With the release of 2019's Ultimate Collector Series Imperial Star Destroyer, many people compared the weight of its package to that of the UCS Millennium Falcon to arrive at a single data point "proof" that LEGO prices all of their products by the weight of the raw ABS plastic (plus bags, cardboard, instruction book paper & binding, etc.). The boxed Star Destroyer came in at $0.055 USD per gram, with the Millennium Falcon at $0.060/g.  That's within 9% of each other or even potentially "equal" if you round off another decimal point.  However the theory falls apart quickly if you look at more than two sets.  Bricklink displays the total weight of just the individual components in each set inventoried in its catalog, sans packaging.  Even sticking strictly to boxed minifig-compatible Star Wars sets from 2018-2019, the range is far too wide for comfort:
  • 75229 $0.099/g
  • 75217 $0.094/g
  • 75220 $0.083/g
  • 75243 $0.080/g
  • 75222 $0.075/g
  • 75203 $0.071/g
  • 75234 $0.067/g
  • 75214 $0.052/g
The data doesn't fit the hypothesis, and there's no good logical argument in favor either.

22 comments:

  1. I am too lazy (and my statistical skills are too rusty), but I think using Price Per Gram in a regression analysis along with other known factors (# of minifigs, # of pieces, specific license, etc.) could give a useful baseline for comparing values of sets. But I agree as the end all be all measurement of value, it doesn't do too well.

    ReplyDelete
    Replies
    1. I definitely agree, a statistician with some free time to download & play with a bunch of data from Brickset could surely conduct some interesting inquiries. I'm not convinced they could find a single algorithm to determine fair pricing, but they could at the very least disprove a lot of correlation theories, like has been done in the past with the suggestions that LEGO has gotten more expensive over time, or that licensed theme sets are significantly overpriced vs. original IP products.

      Delete
  2. Yeah I share the same views as you and I just wanted to ask whether or not you are willing to make reviews on other lego-style companies from China or Europe?

    ReplyDelete
    Replies
    1. I've occasionally reviewed products from Cobi, C3, Ionix, formerly Hasbro, and I think a couple others, plus I regularly follow some Mega Construx themes. The number of products LEGO releases, though, combined with my own personal focus on LEGO for custom building, leaves me with relatively little time to regularly branch out.

      Delete
  3. I agree with you on most cases but people aren't using price per weight just on the mass alone, the weight paired with piece count give you an idea of how much LEGO you are getting you know? We typically know what goes into a LEGO set so the higher weight with low piece count just gives people a perspective of how many big pieces are in a sets. Weight gives you a sense of size while piece count gives a sense of complexity

    ReplyDelete
  4. zhi jang you are my favorite reviewer. i could not thank you more for the time and thought you put into these things. i have being watching this channel for quite awhile now and i know i can always rely on you to present quality lego and mega construx reviews. even though i live in New Zealand and mega construx isn't sold here. I have to buy it online and pay a large some of shipping or buy a set the retails for twenty dollar put pay 60 dollars for it. that's why i always have to be one hundred percent sure about what i want. i use your reviews to help choose what the buy 100% of the time.

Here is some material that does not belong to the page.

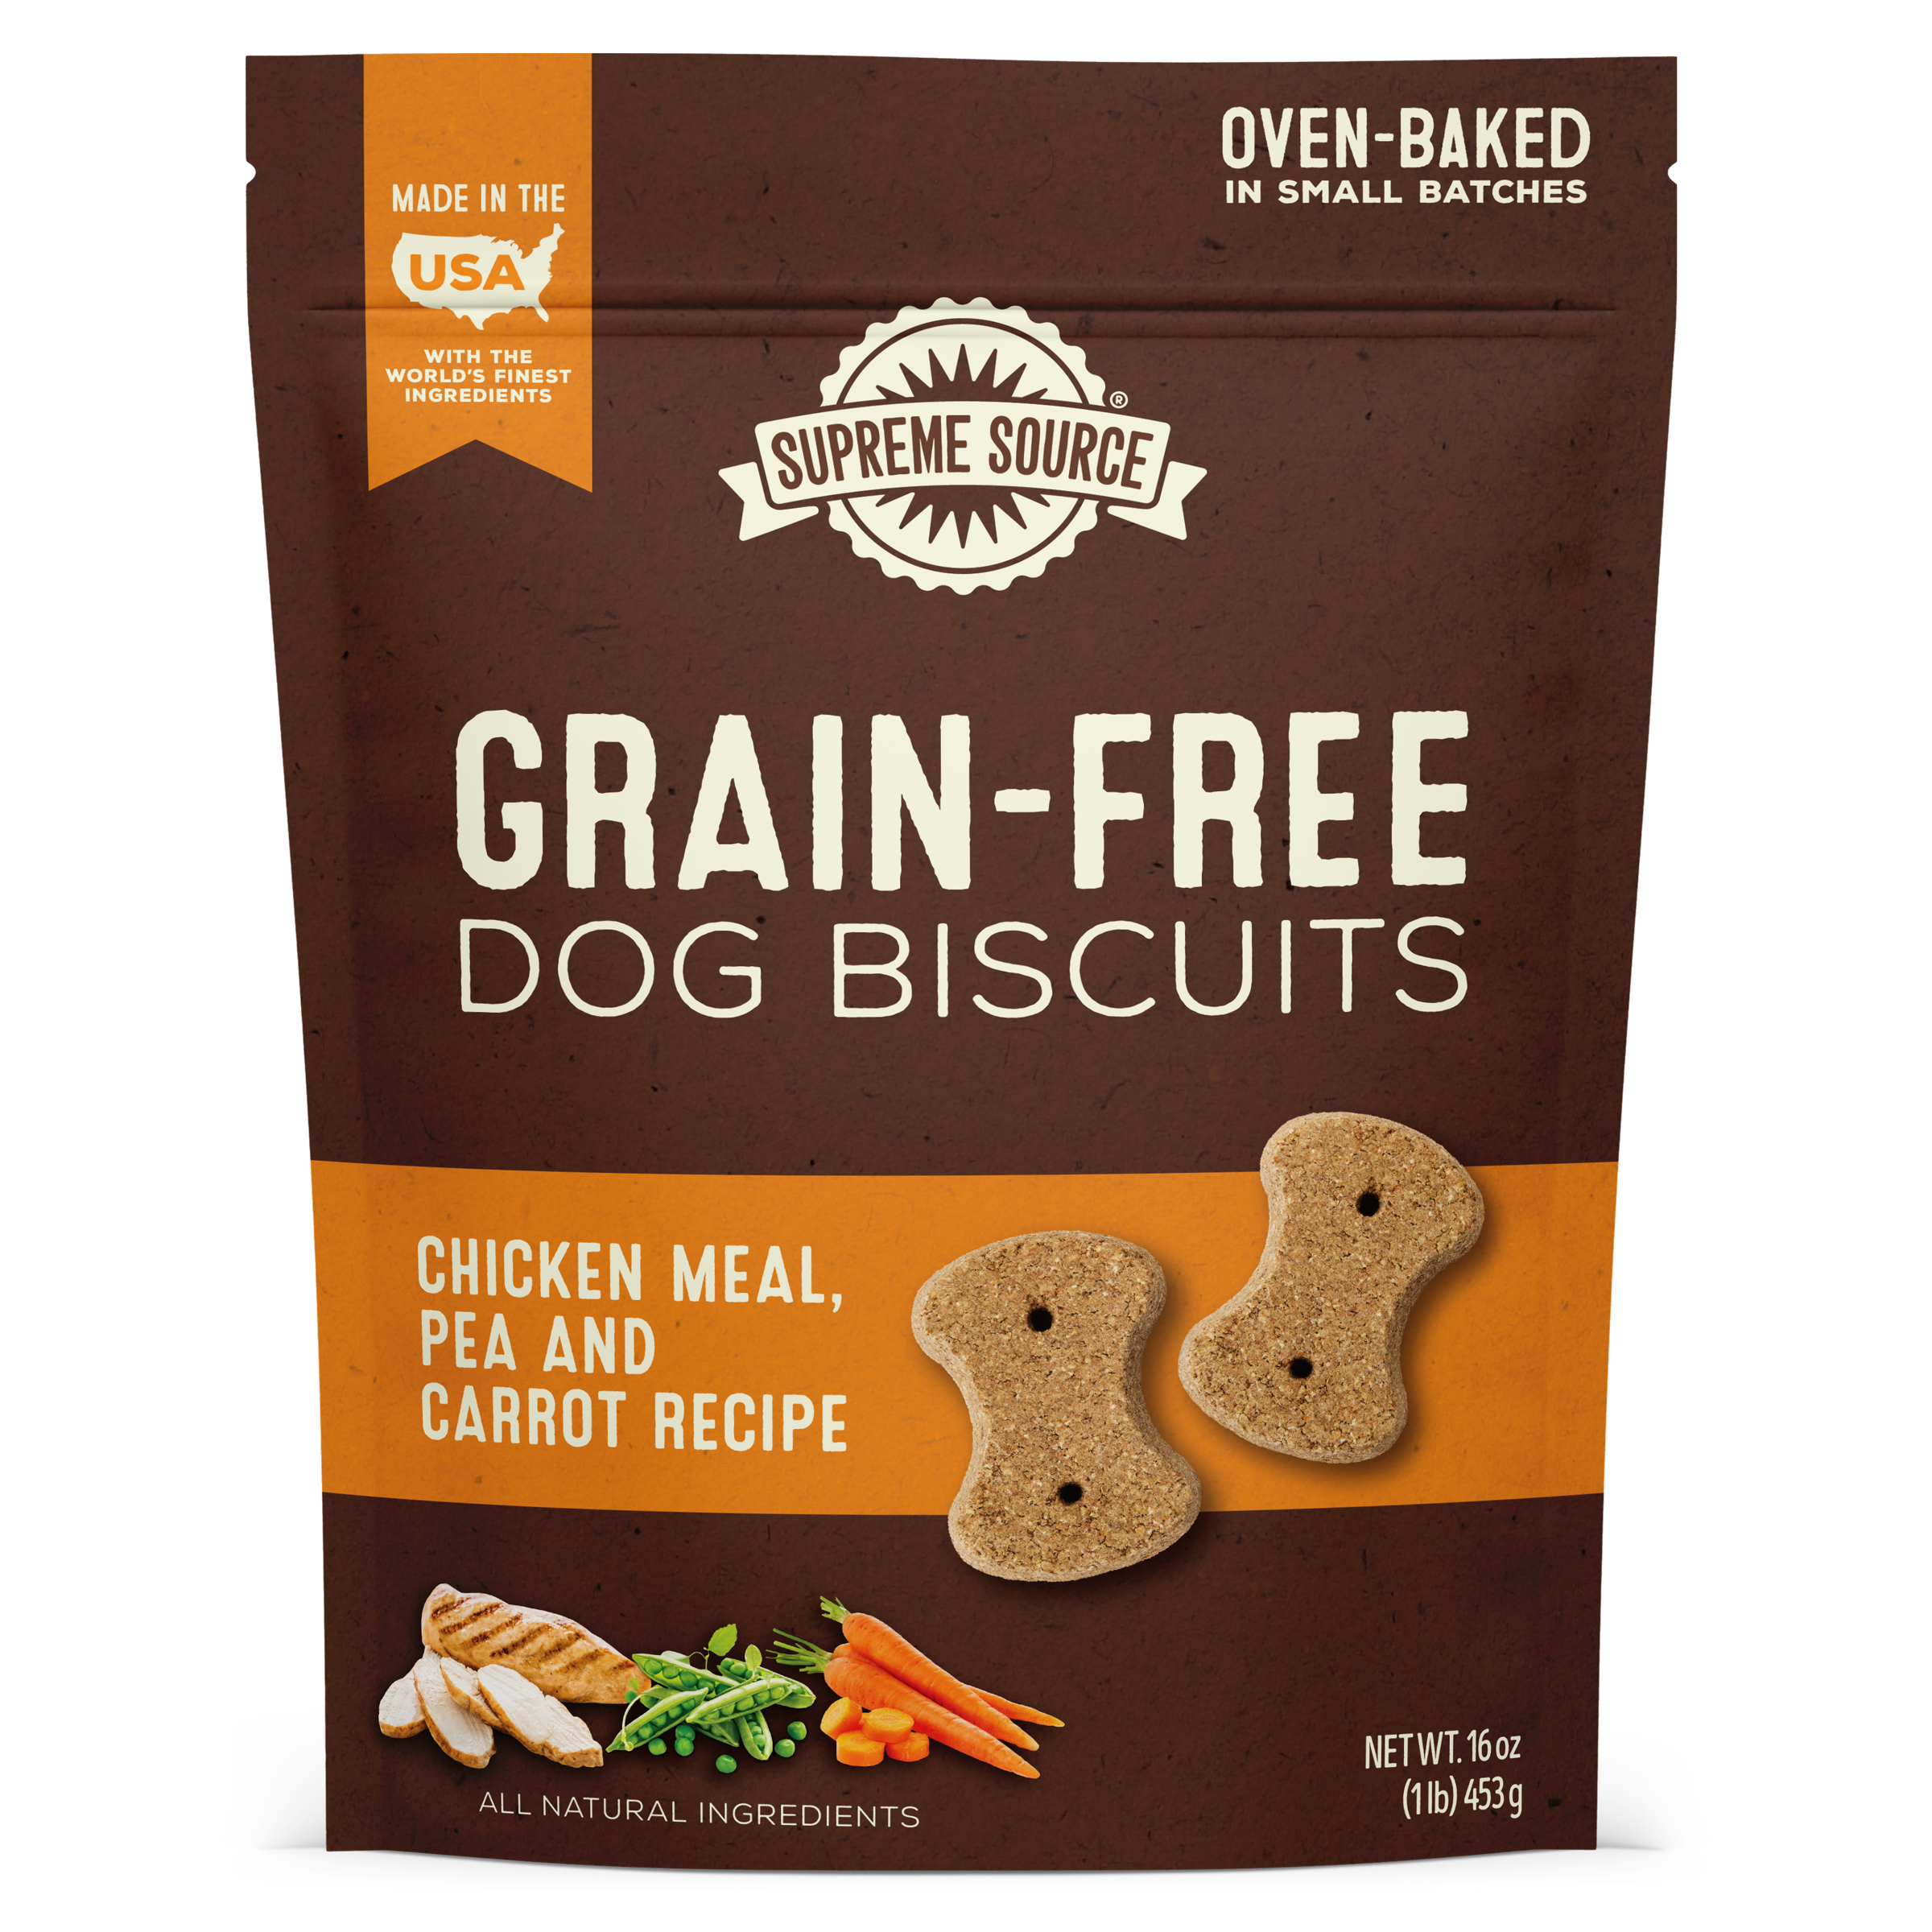 Chicken Meal, Pea & Carrot Recipe Dog Biscuits

    keep up the awesome work!
    - from william

    ReplyDelete
    Replies
    1. Thank you for your support, and I'm glad I'm able to provide some form of useful information. I do hope that as LEGO continues to expand its sales presence globally, they'll finally give NZ some love and help bring the ridiculously inflated prices down closer to Earth.

      Delete
  5. I always look at pics count and do a rough estimate of okay is the price per 100 parts around 10-15 dollars. Most of the time if it's ten extra dollars like with star wars you have to think about the money they pay to use the brand.

    ReplyDelete
  6. JANG has well thought out points that I can't argue with, but the price per piece metric (which JANG displays on all his review videos) is flawed too. JANG will even mention, from time to time, how the price per part does not look favorable for a specific set and that we should consider that the set contains larger parts. I admit that I was a proponent of the price to weight system of measurement, but now agree it has problems. In JANG's reviews of late he almost always states his opinion of the value of the "volume of stuff" you get for your money. How about we measure the actual volume of "toy" we get in a set? Maybe we could treat the parts that make up a set as a solid (remove the air gaps) and calculate the volume of bricks. I believe that may remove some of the errors JANG brings up when using the weight of the elements. Obviously there are many factors that go into LEGO pricing. We are just looking for a way to compare the sets' values on the surface - for the fun of it - remember?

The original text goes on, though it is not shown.